● **How to complete this task**: Print the listing below exactly as written.
■ ■ ■ ■ ■ ■ ■
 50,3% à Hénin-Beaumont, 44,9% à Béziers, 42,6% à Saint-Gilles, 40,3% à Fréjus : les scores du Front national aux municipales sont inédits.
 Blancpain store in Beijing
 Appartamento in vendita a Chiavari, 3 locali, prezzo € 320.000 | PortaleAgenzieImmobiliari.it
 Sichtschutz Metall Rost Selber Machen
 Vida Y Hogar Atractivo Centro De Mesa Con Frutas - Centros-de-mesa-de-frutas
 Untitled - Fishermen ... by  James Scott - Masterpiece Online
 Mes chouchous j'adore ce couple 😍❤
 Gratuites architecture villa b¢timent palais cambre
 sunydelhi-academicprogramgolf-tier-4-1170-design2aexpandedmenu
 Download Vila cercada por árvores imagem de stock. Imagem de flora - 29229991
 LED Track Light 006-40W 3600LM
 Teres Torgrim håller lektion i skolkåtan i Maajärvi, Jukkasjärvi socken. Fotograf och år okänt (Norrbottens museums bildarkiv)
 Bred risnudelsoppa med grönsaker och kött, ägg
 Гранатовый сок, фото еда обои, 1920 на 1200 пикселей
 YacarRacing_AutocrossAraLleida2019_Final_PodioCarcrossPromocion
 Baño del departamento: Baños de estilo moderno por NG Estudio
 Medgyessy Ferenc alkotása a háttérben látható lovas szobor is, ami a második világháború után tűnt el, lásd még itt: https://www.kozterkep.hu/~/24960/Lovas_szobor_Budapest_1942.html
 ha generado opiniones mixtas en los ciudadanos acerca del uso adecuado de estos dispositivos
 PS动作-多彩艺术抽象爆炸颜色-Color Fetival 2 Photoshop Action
■ ■ ■ ■ ■ ■ ■
● **Task solution**:
 50,3% à Hénin-Beaumont, 44,9% à Béziers, 42,6% à Saint-Gilles, 40,3% à Fréjus : les scores du Front national aux municipales sont inédits.
 Blancpain store in Beijing
 Appartamento in vendita a Chiavari, 3 locali, prezzo € 320.000 | PortaleAgenzieImmobiliari.it
 Sichtschutz Metall Rost Selber Machen
 Vida Y Hogar Atractivo Centro De Mesa Con Frutas - Centros-de-mesa-de-frutas
 Untitled - Fishermen ... by  James Scott - Masterpiece Online
 Mes chouchous j'adore ce couple 😍❤
 Gratuites architecture villa b¢timent palais cambre
 sunydelhi-academicprogramgolf-tier-4-1170-design2aexpandedmenu
 Download Vila cercada por árvores imagem de stock. Imagem de flora - 29229991
 LED Track Light 006-40W 3600LM
 Teres Torgrim håller lektion i skolkåtan i Maajärvi, Jukkasjärvi socken. Fotograf och år okänt (Norrbottens museums bildarkiv)
 Bred risnudelsoppa med grönsaker och kött, ägg
 Гранатовый сок, фото еда обои, 1920 на 1200 пикселей
 YacarRacing_AutocrossAraLleida2019_Final_PodioCarcrossPromocion
 Baño del departamento: Baños de estilo moderno por NG Estudio
 Medgyessy Ferenc alkotása a háttérben látható lovas szobor is, ami a második világháború után tűnt el, lásd még itt: https://www.kozterkep.hu/~/24960/Lovas_szobor_Budapest_1942.html
 ha generado opiniones mixtas en los ciudadanos acerca del uso adecuado de estos dispositivos
 PS动作-多彩艺术抽象爆炸颜色-Color Fetival 2 Photoshop Action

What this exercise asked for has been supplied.